In which Mr. Charles Honeyman appears in an Amiable Light
Mr. Frederick Bayham waited at Fitzroy Square while Clive was yet talking with his friends there, and favoured that gentleman with his company home to the usual smoky refreshment. Clive always rejoiced in F. B.’s society, whether he was in a sportive mood, or, as now, in a solemn and didactic vein. F. B. had been more than ordinarily majestic all the evening. “I dare say you find me a good deal altered, Clive,” he remarked; “I am a good deal altered. Since that good Samaritan, your kind father, had compassion on a poor fellow fallen among thieves (though I don’t say, mind you, he was much better than his company), F. B. has mended some of his ways. I am trying a course of industry, sir. Powers, perhaps naturally great, have been neglected over the wine-cup and the die.

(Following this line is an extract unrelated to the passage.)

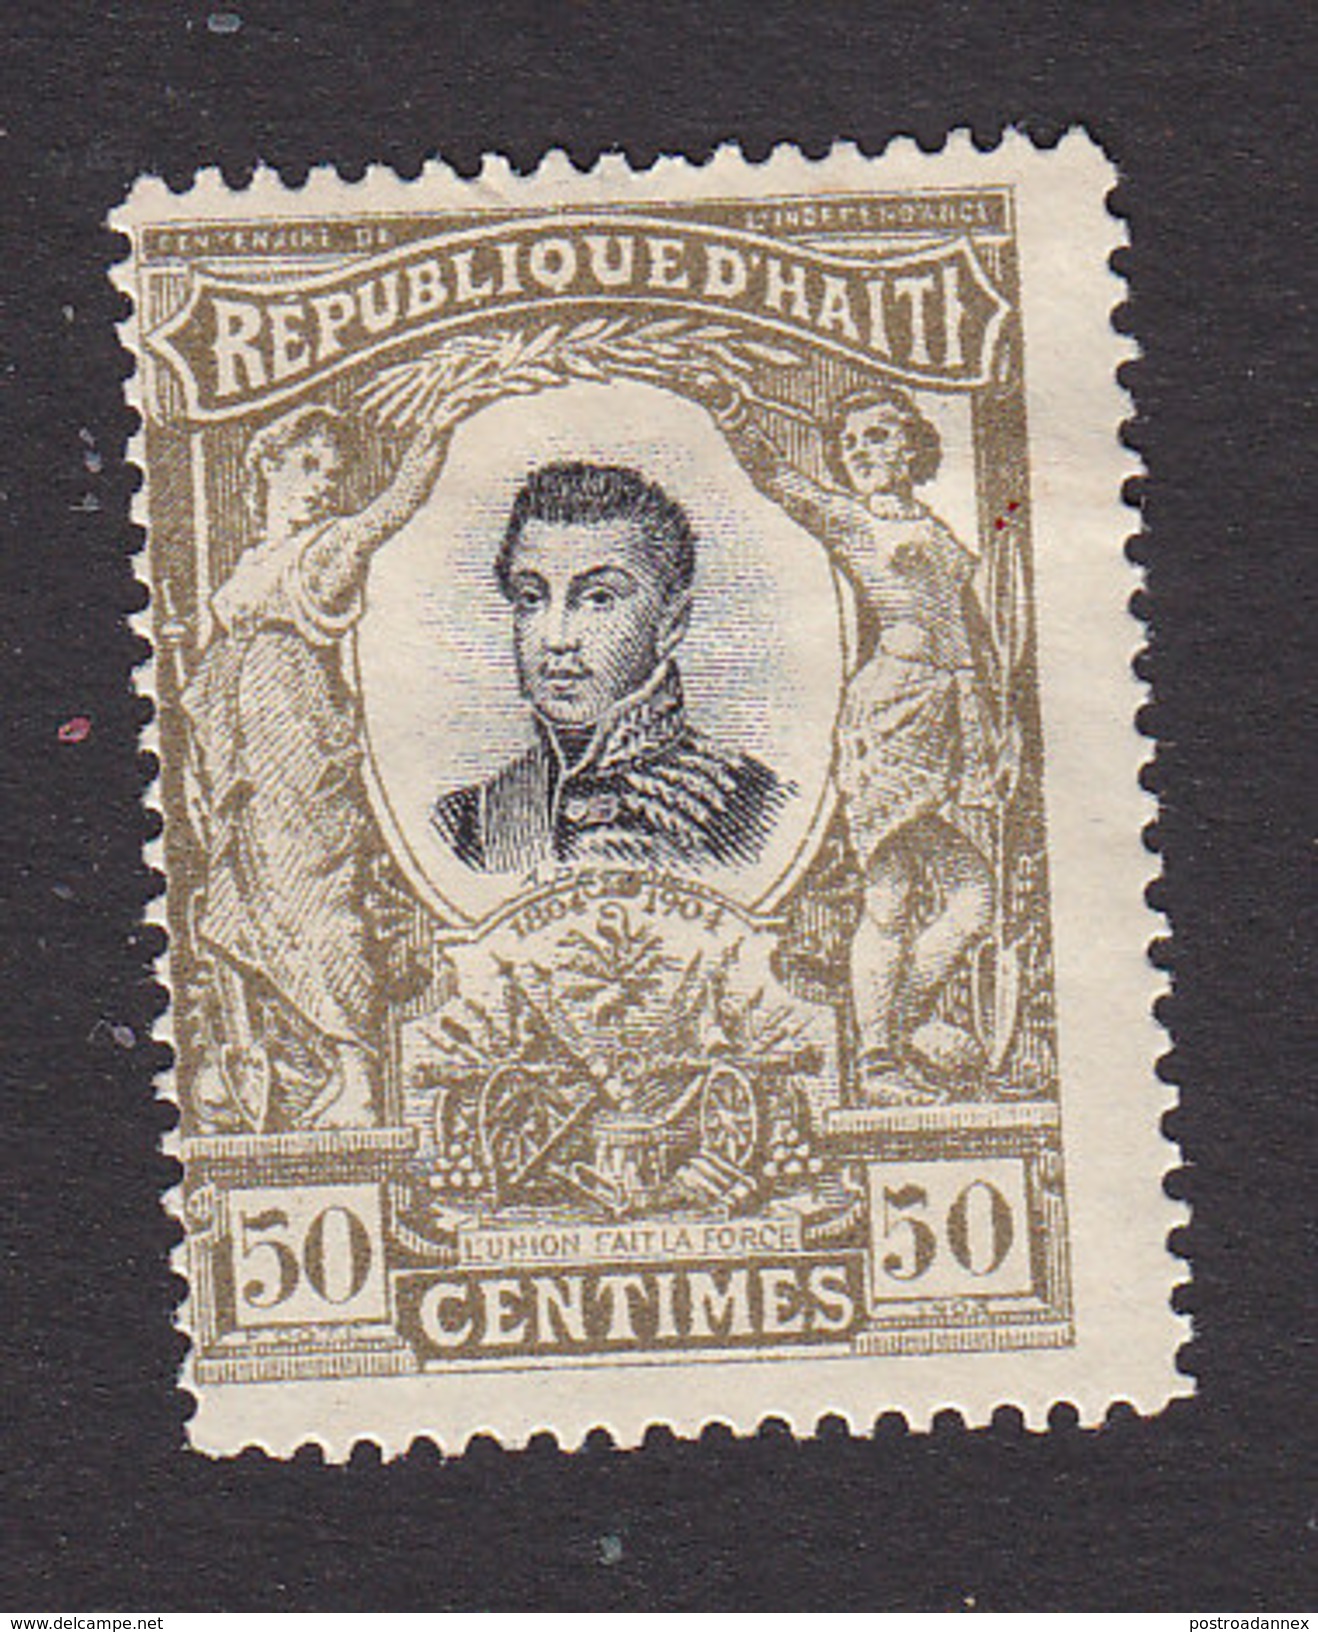 Hati, Scott #88, Mint Hinged, Pres Alexandre Sabes Petion, Issued 1903 - Haiti

I am beginning to feel my way; and my chiefs yonder, who have just walked home with their cigars in their mouths, and without as much as saying, F. B., my boy, shall we go to the Haunt and have a cool lobster and a glass of table-beer,—which they certainly do not consider themselves to be,—I say, sir, the Politician and the Literary Critic” (there was a most sarcastic emphasis laid on these phrases, characterising Messrs. Warrington and Pendennis) “may find that there is a humble contributor to the Pall Mall Gazette, whose name, may be, the amateur shall one day reckon even higher than their own. Mr. Warrington I do not say so much—he is an able man, sir, an able man;—but there is that about your exceedin self-satisfied friend, Mr. Arthur Pendennis, which—well, well—let time show. You did not—get the—hem—paper at Rome and Naples, I suppose?”
“Forbidden by the Inquisition,” says Clive, delighted; “and at Naples the king furious against it.”